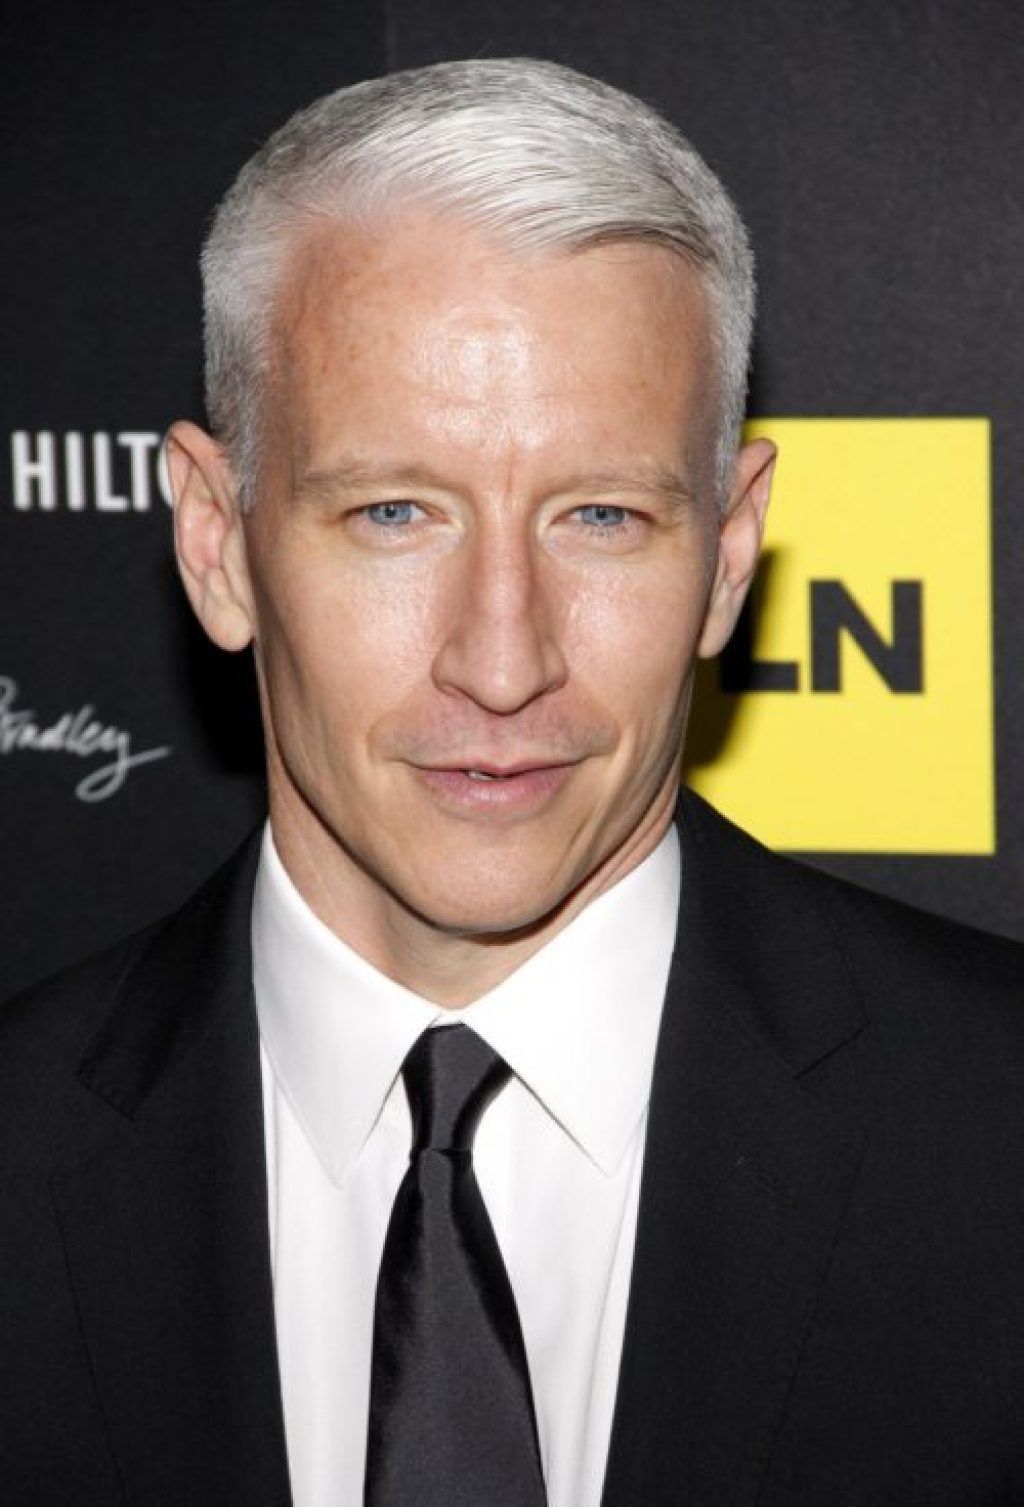 Anderson Cooper Ivy League Schools
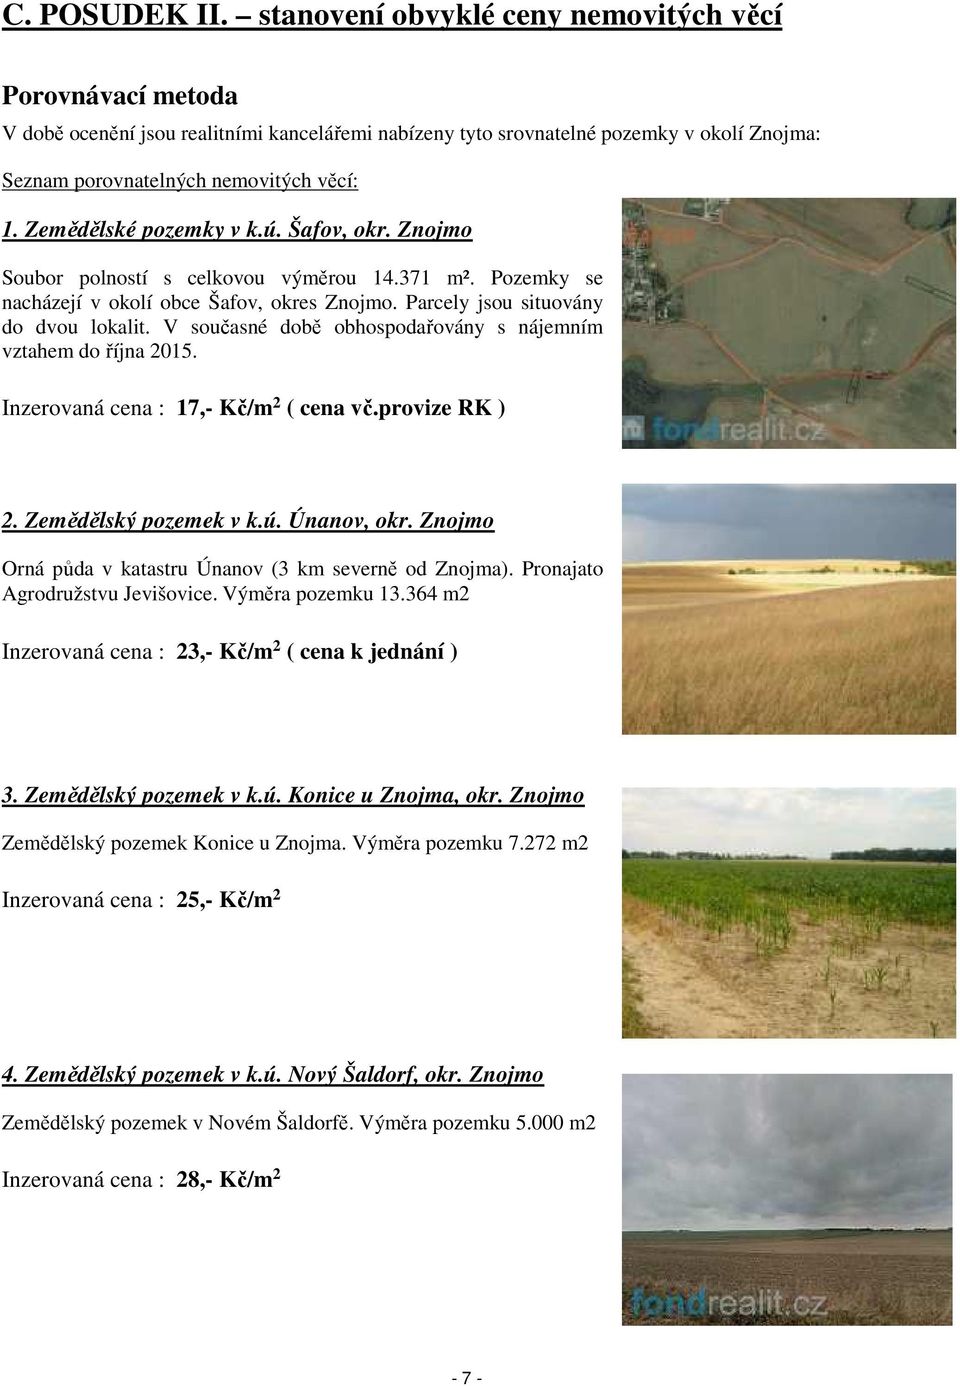 Zemědělské pozemky v k.ú. Šafov, okr. Znojmo Soubor polností s celkovou výměrou 14.371 m². Pozemky se nacházejí v okolí obce Šafov, okres Znojmo. Parcely jsou situovány do dvou lokalit.
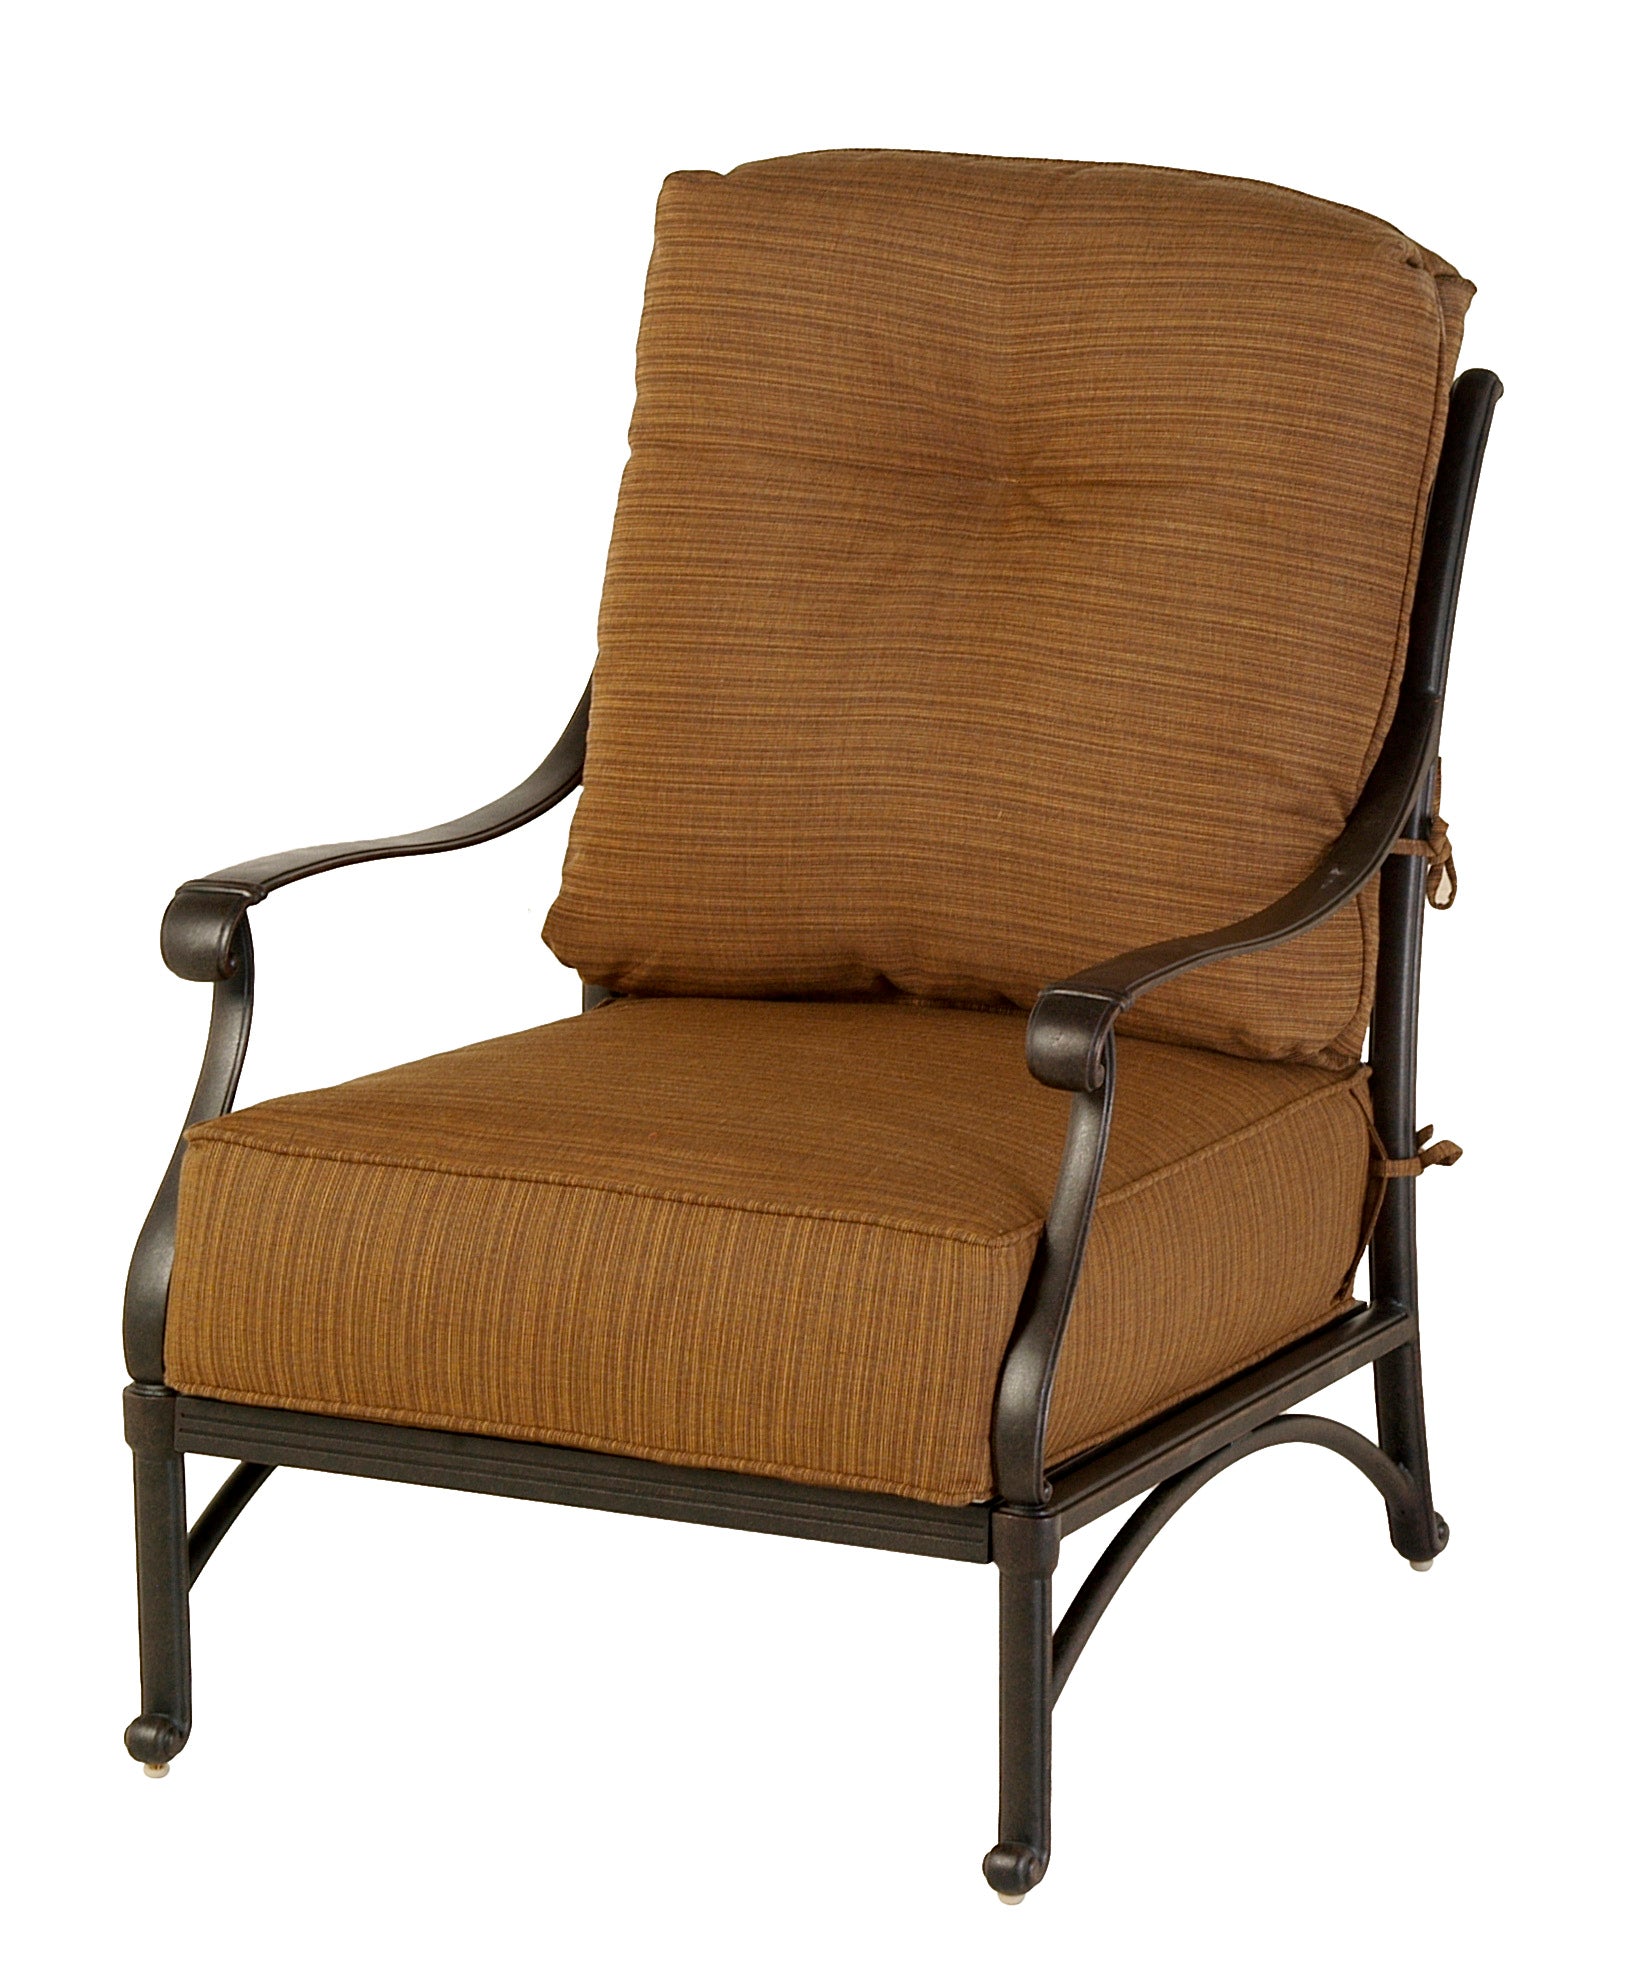 Mayfair Estate Club Chair with Cushion (Desert Bronze)

Aim of the exercise: Where a picture appears, skip it; repeat everything else in the data exactly.

Exercise result:
 Anderson Cooper Ivy League Schools
 Zemědělské pozemky v k.ú. Šafov, okr. Znojmo Soubor polností s celkovou výměrou 14.371 m². Pozemky se nacházejí v okolí obce Šafov, okres Znojmo. Parcely jsou situovány do dvou lokalit.
 Mayfair Estate Club Chair with Cushion (Desert Bronze)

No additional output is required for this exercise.